After each single dance, everyone returns to their home terminal and rates their partner. One is more likely to be reassigned to dance again with a partner that one rates higher. This hopefully causes people to rate truthfully. It is also permitted to rate as, "unable to make a determination" (perhaps because the music played a greater role in making the dance unpleasant than the partner). After rating, the computer asks whether the dancer wishes to dance to the next song (with information provided about the next song). If so, it assigns a new dance floor grid position number to meet the next partner.
Create an online machine learning algorithm to learn which people enjoy dancing with each other and match them over the course of the entire session. One likely fruitful approach is the Nate Silver style heuristic of assuming cohorts of people enjoy dancing with certain other cohorts of people, filling in missing information with other people's information.

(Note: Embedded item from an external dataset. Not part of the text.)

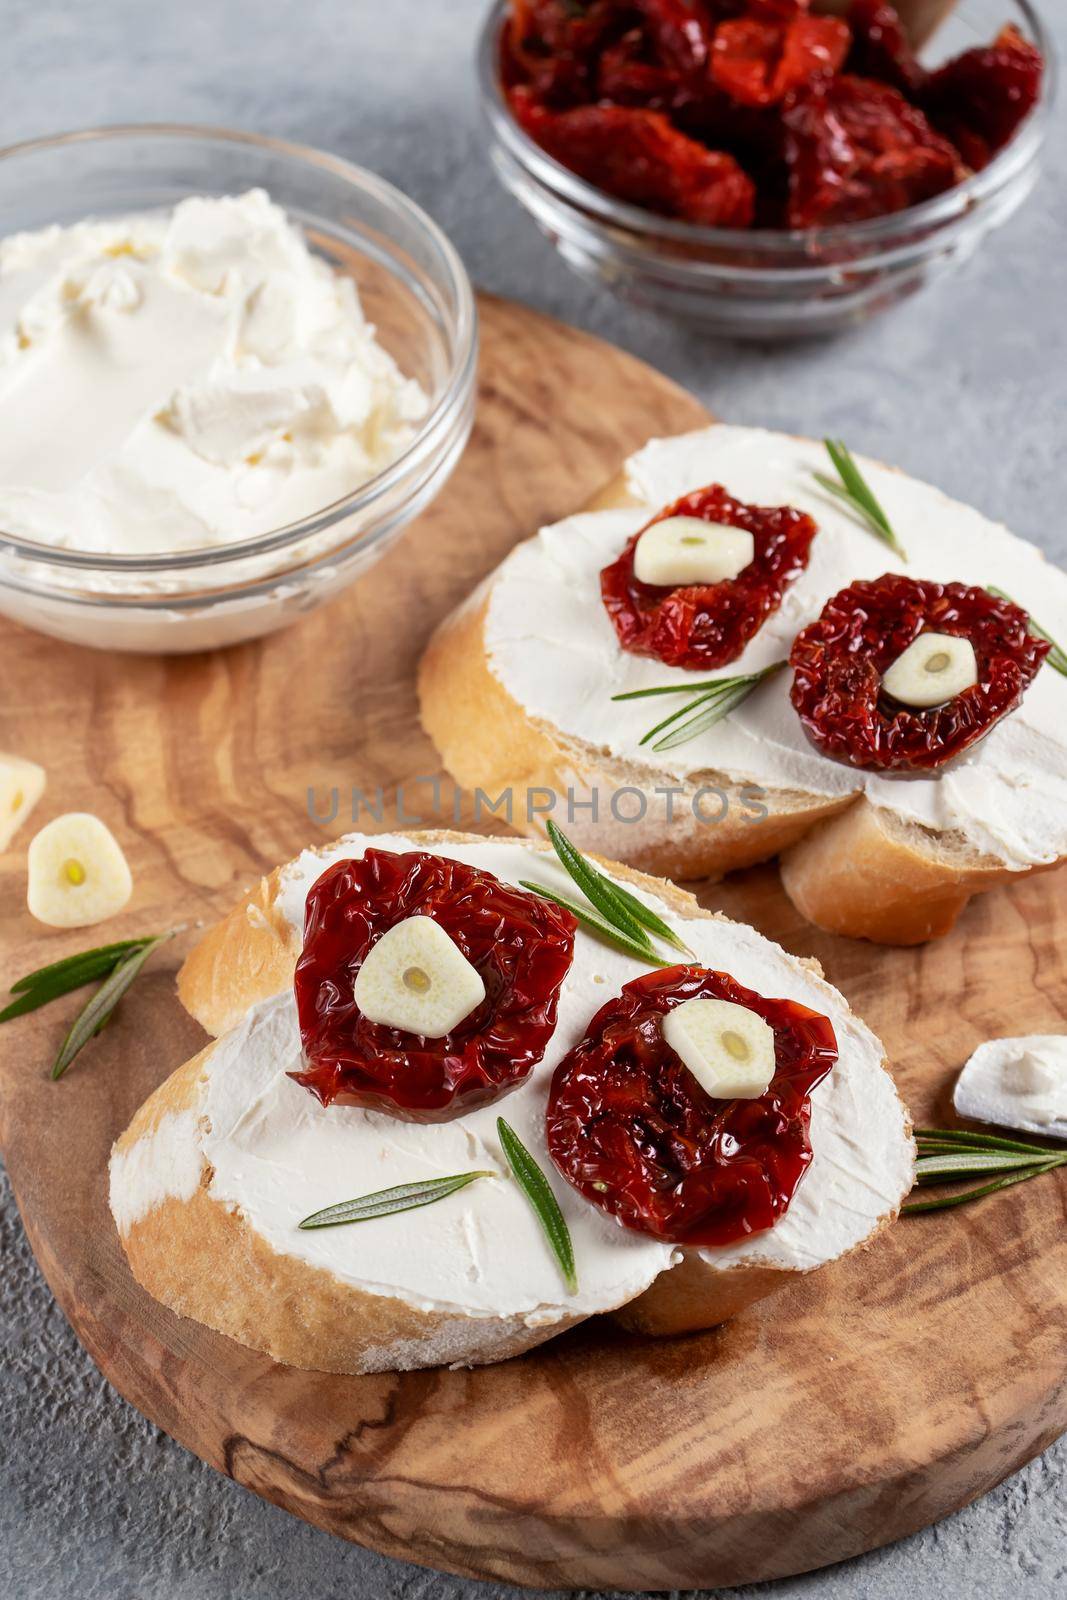 Homemade sandwiches with cream cheese and sun-dried tomatoes on a wooden board of olive - delicious healthy breakfast, italian cuisine, vertical image, copy space.

Instead of the algorithm starting out with zero knowledge and therefore emitting poor matchings at the start, let it be possible to seed it with prior information. Two possible ways of doing this: At check-in a photograph is taken, and each dancer's terminal asks to select specific people (identified by photograph) that he or she would specifically like to, or not like to, dance with. There are a lot of possibilities of how to design this user interface. Another way is simply to have an "unconstrained" dance session where people can select their own partners, and assume that people, on average, tend to select people they like dancing with when left to their own devices. Use machine vision (or human-assisted) to record who danced with whom (and who didn't dance with whom).
If photographs are available, it is possible to rate and reject an assigned partner before a single dance even begins. However, people might be more likely to act truthfully if the system never gets any identifying information about themselves, only anonymous dancer identification by terminal and ratings. Maybe abandon photographs entirely.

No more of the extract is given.